822. Efficient Delivery of Plasmid DNA to Murine Skin Using In Vivo Electroporation1

The easy accessibility of skin makes it an excellent target for gene transfer protocols. Cutaneous diseases can be treated directly. In addition, the skin is a suitable target for delivering proteins directly to the circulation for systemic therapy. To be able to fully take advantage of skin as a target for gene transfer, it is important to establish an efficient and reproducible delivery system. Electroporation as a tool for the delivery of plasmid DNA is a strong candidate to meet these delivery criteria. Previously, we demonstrated that electroporation could be used to deliver plasmid DNA to the skin and confirm that localized delivery can also result in increased serum levels of a specific protein.
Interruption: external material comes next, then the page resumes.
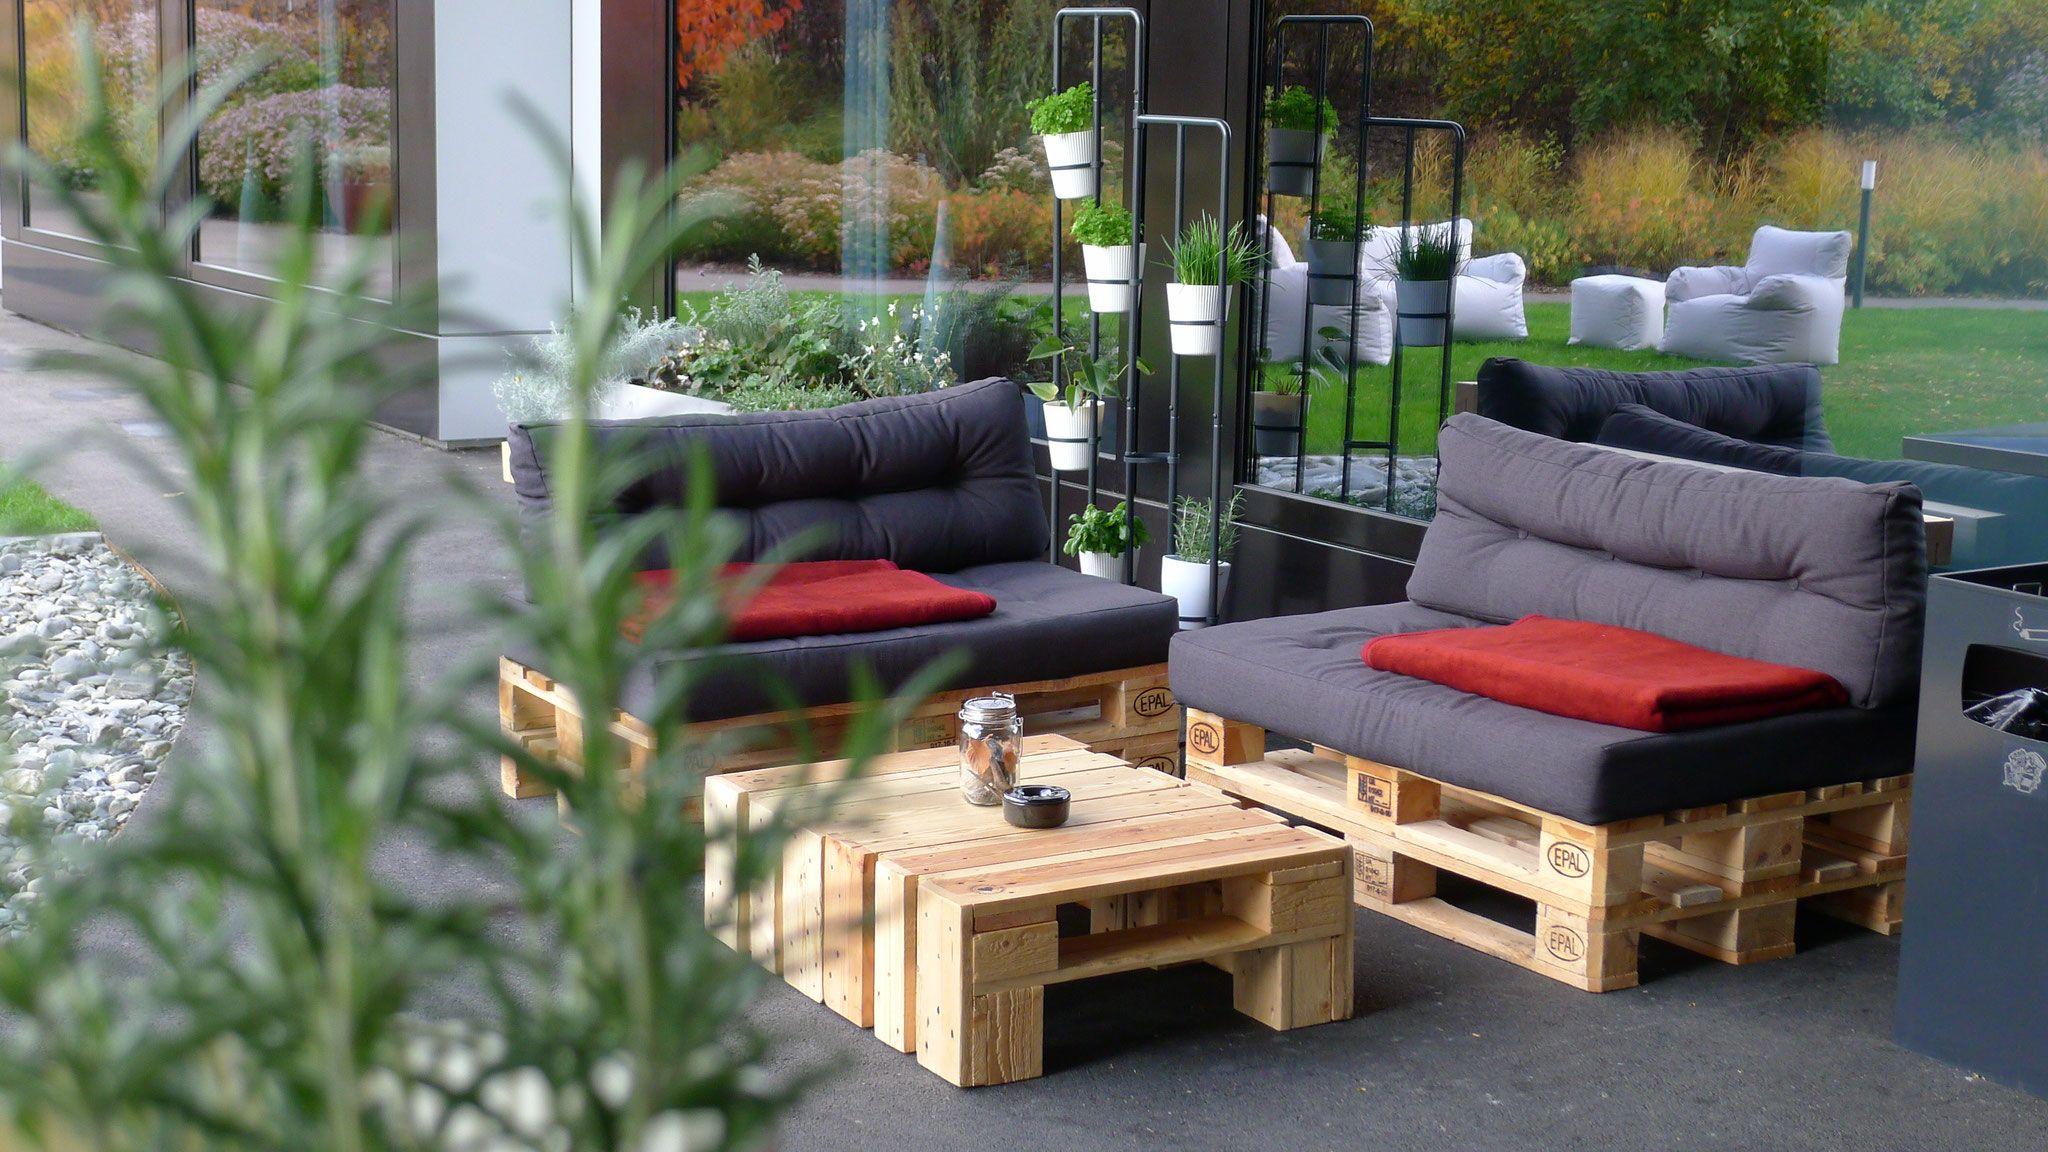 Palettenmöbel - Palettenliebe - Möbel aus Europaletten | Garten ...

In addition, it was shown that several factors needed to be considered when developing an electroporation delivery protocol including electrode configuration, pulse width, field strength and DNA concentration. More recently, we have been determining optimal delivery conditions using a plasmid encoding luciferase (pLUC). Various EP parameters for delivery to murine skin were examined and included over 50 different combinations. Most of the conditions showed an increase of expression over injection alone. There were 5 combinations that showed the largest increase when compared to injection alone. With respect to plasmid DNA concentration, the highest reproducible expression was seen with 2 μg/μl. Using a plasmid encoding for green fluorescent protein, an efficiency of > 30% was obtained. The effect of multiple applications was also examined. The procedure was evaluated by using the “optimal” electroporation conditions with pLUC at either 2 or 10 days apart. Peak expression could be maintained at a later time point than with a single treatment but the overall length of expression was not extended. This protocol was also repeated using a secreted protein as a marker as well. The results presented here demonstrate that electroporation can be used to augment the efficiency of direct injection of plasmid DNA to skin.